## DATA BLOCK
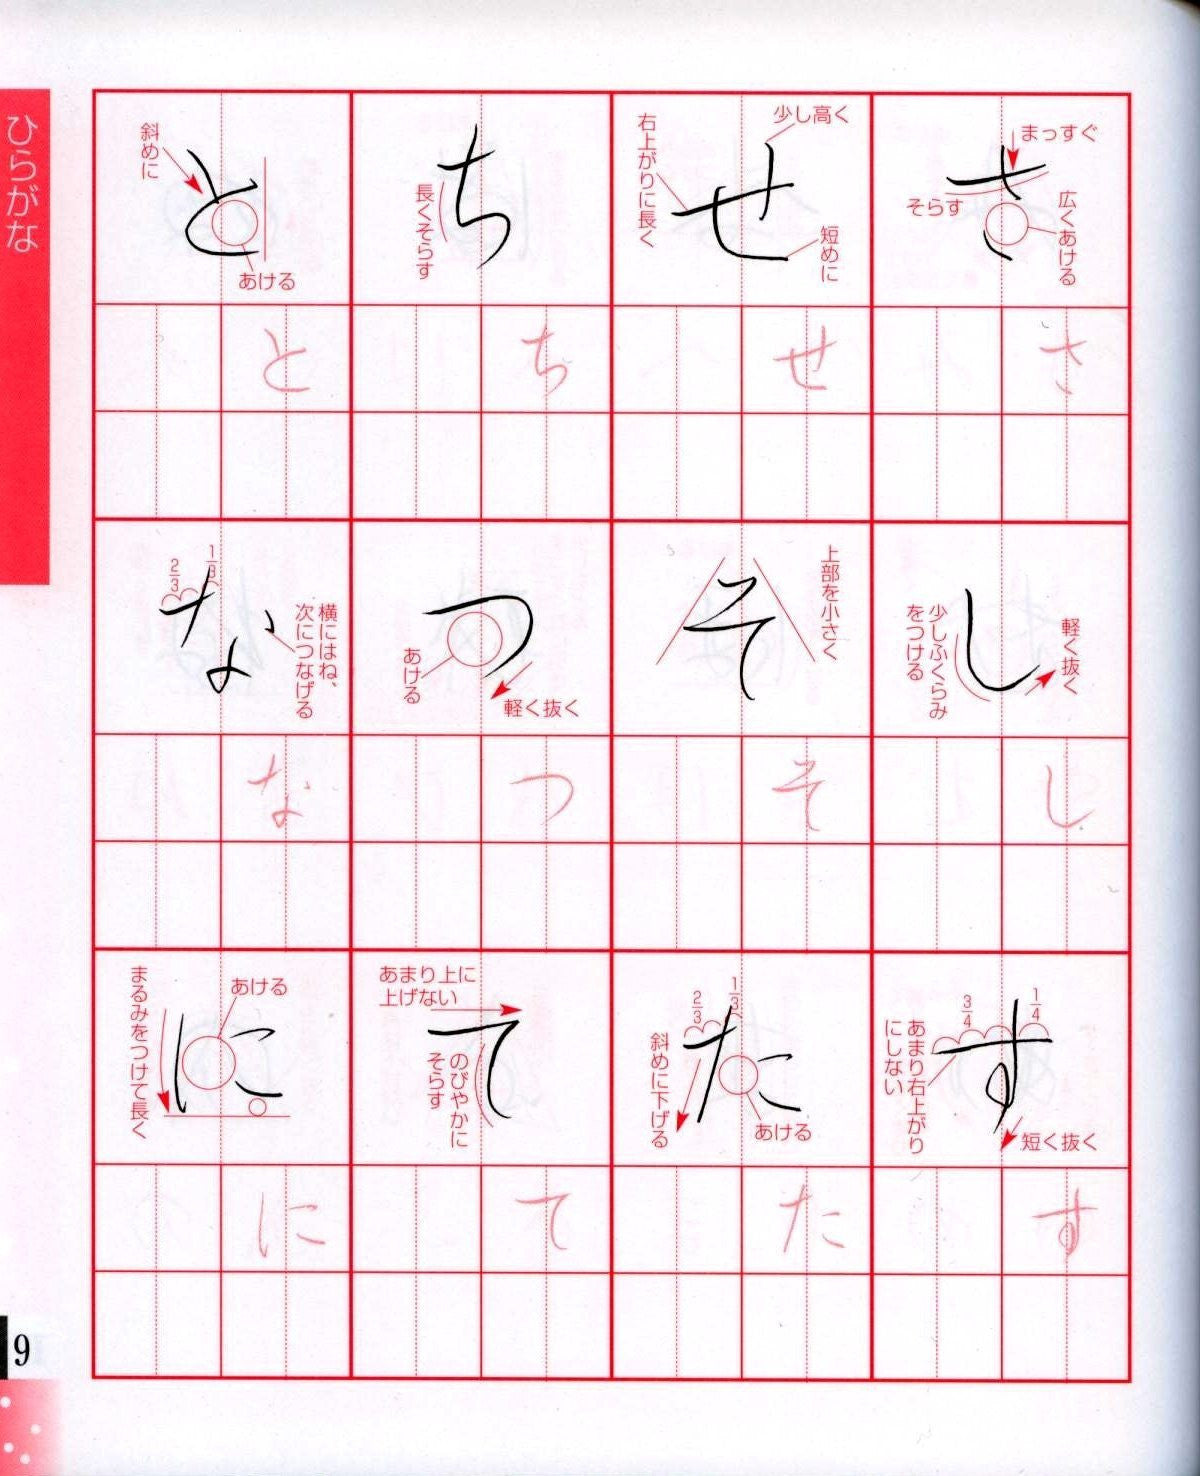 Japanese Writing Practice Book
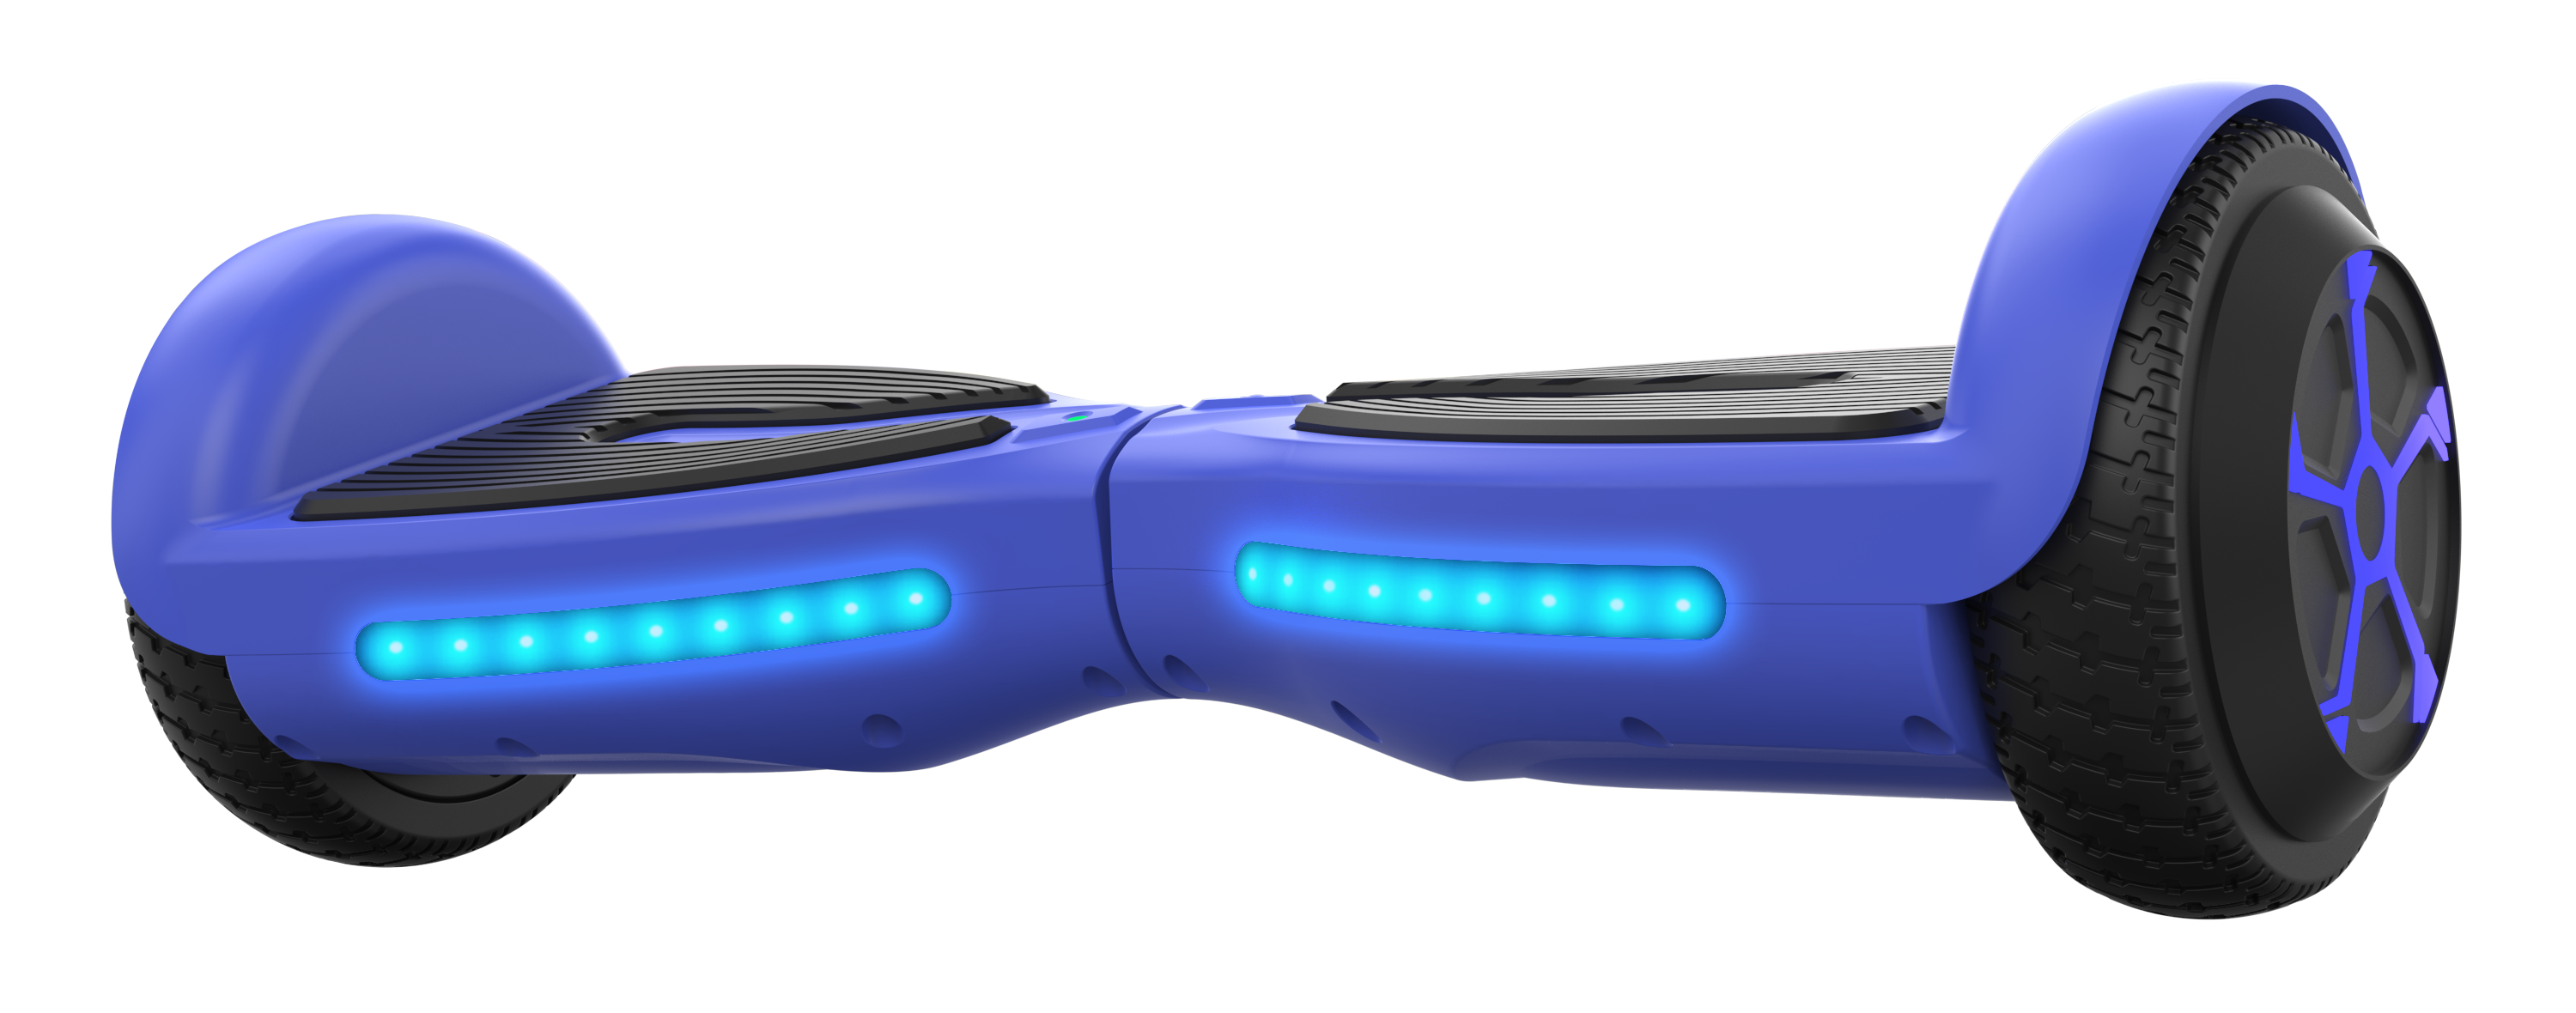 Voyager Hover Flow, Blue Hoverboard with Lights for Kids - image 1 of 11
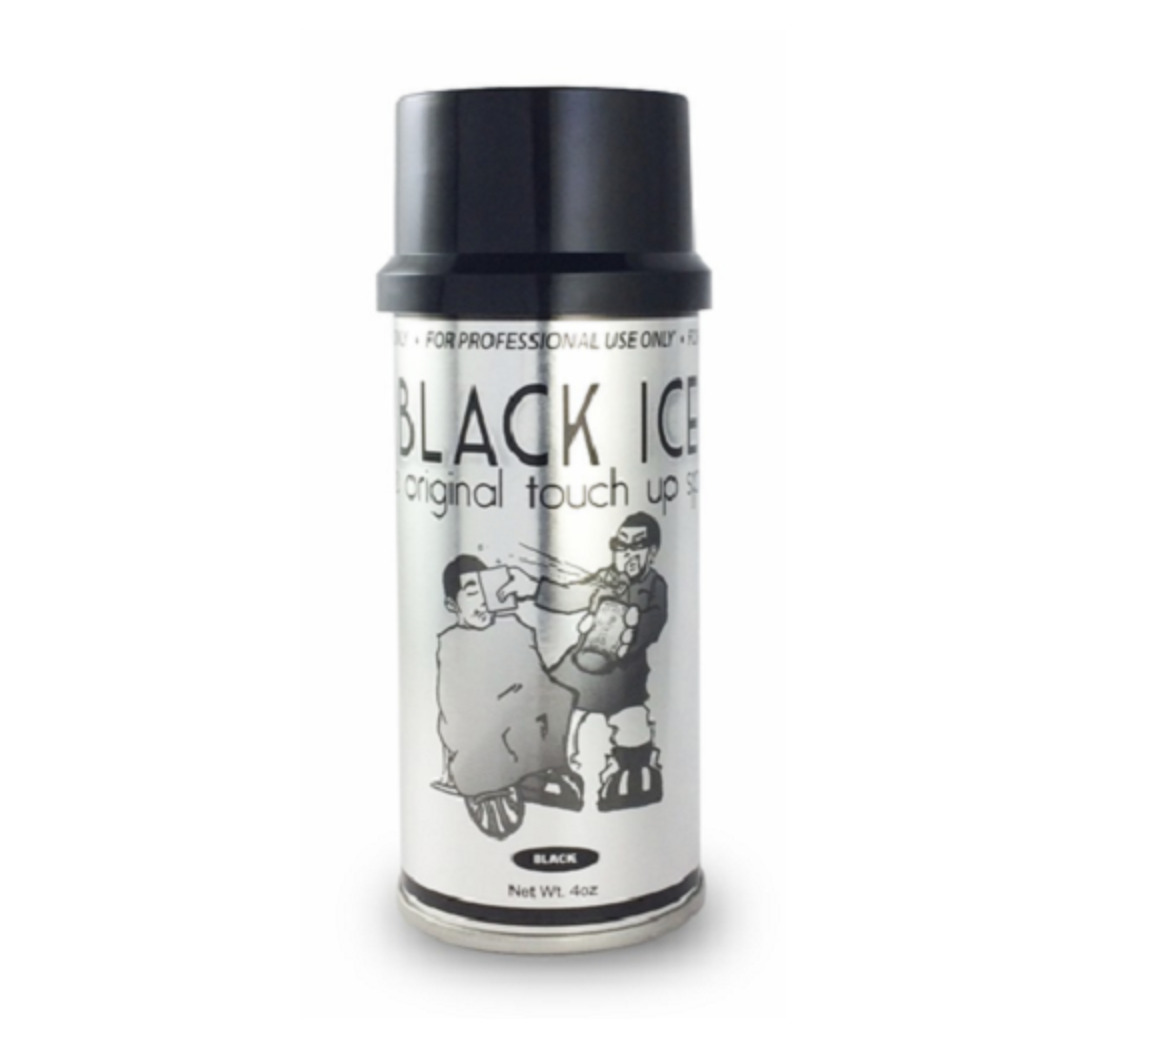 BLACK ICE Original Touch Up Spray Black 4oz

## WHAT YOU SHOULD DO
Retype the whole of the data verbatim. Skip every picture.

## REPLY TO THE TASK
 Japanese Writing Practice Book
 Voyager Hover Flow, Blue Hoverboard with Lights for Kids - image 1 of 11
 BLACK ICE Original Touch Up Spray Black 4oz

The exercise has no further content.